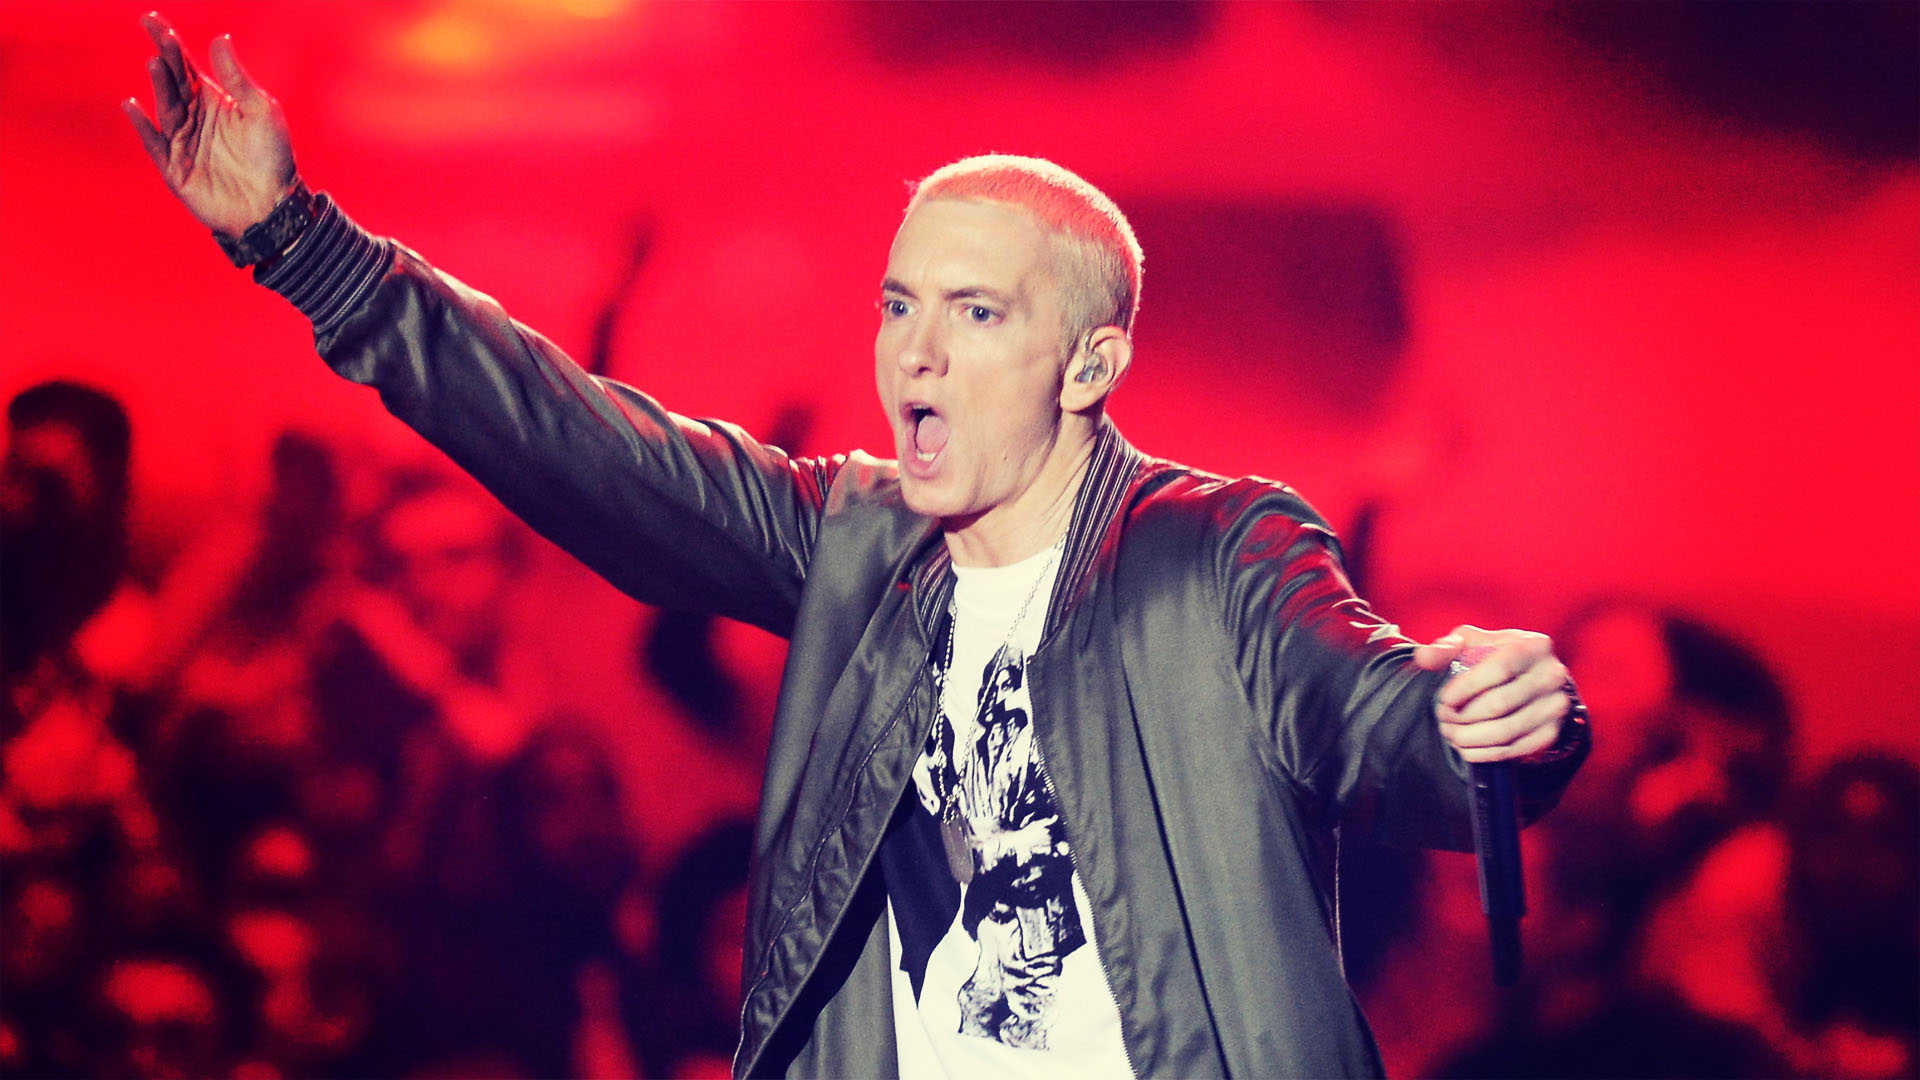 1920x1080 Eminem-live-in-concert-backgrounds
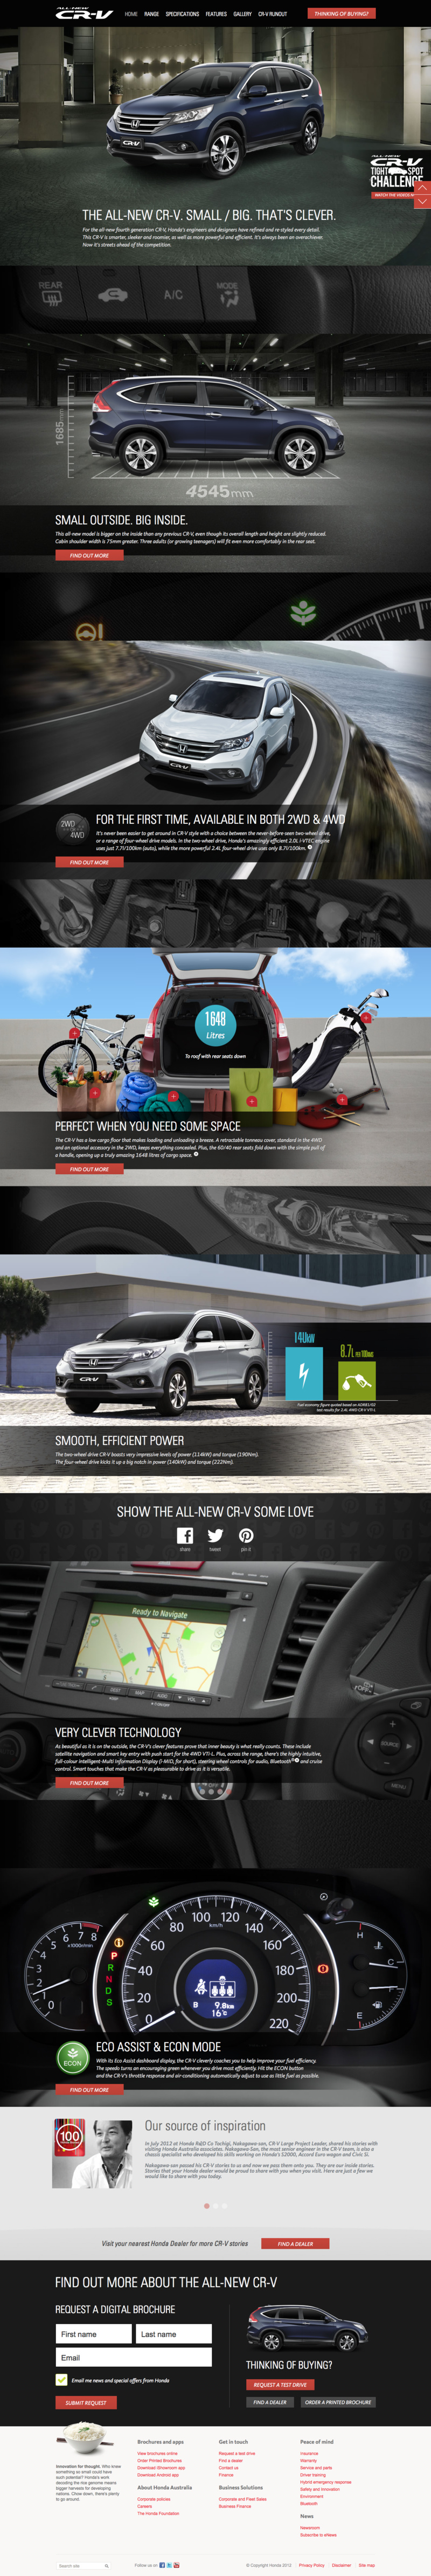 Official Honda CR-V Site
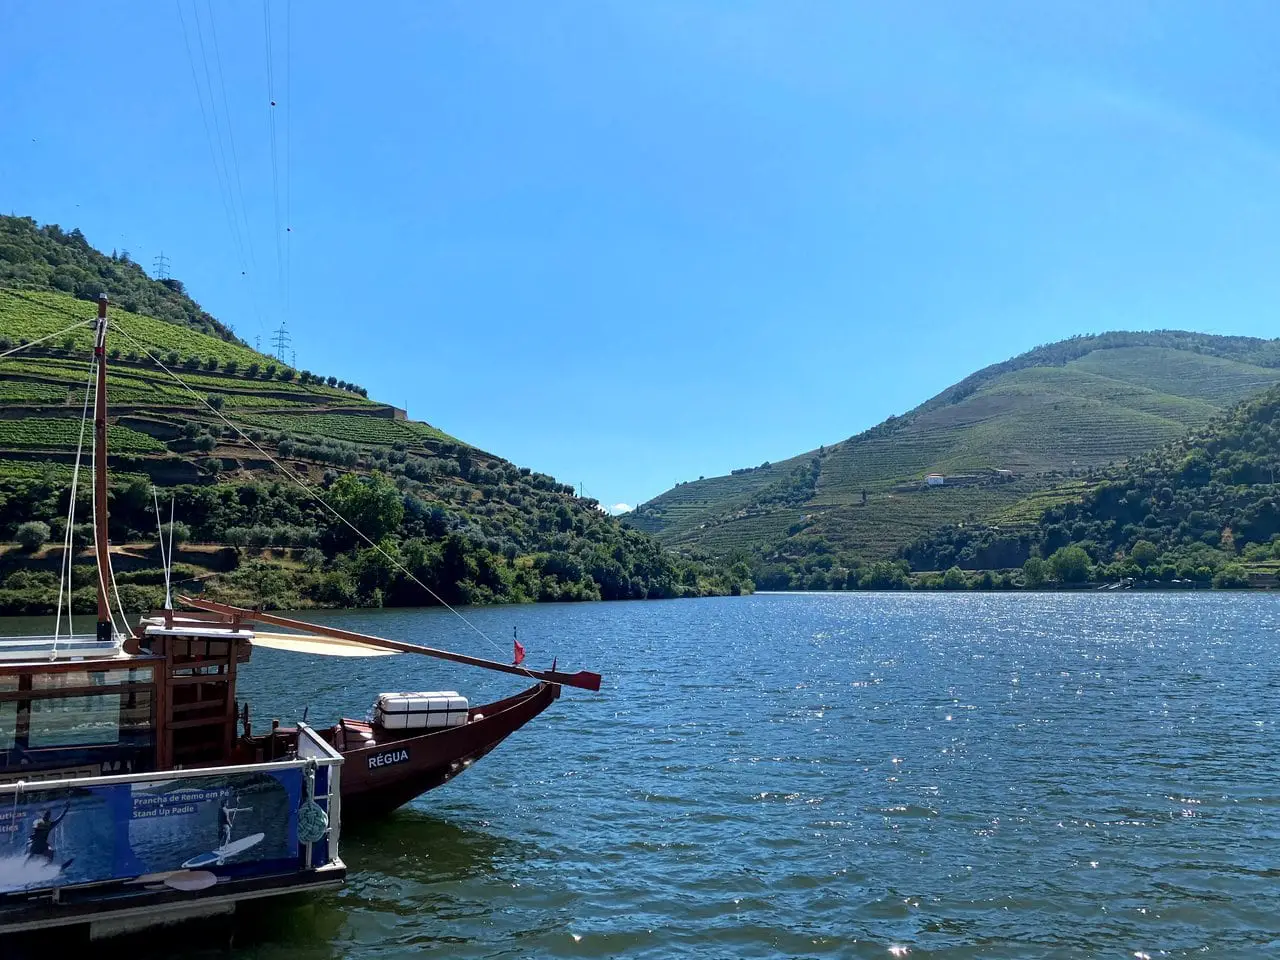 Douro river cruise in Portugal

·····

> **Aim of the task**
Without the pictures, write out the whole listing above exactly as it appears.

> **Solution for this task**
 1920x1080 Eminem-live-in-concert-backgrounds
 Official Honda CR-V Site
 Douro river cruise in Portugal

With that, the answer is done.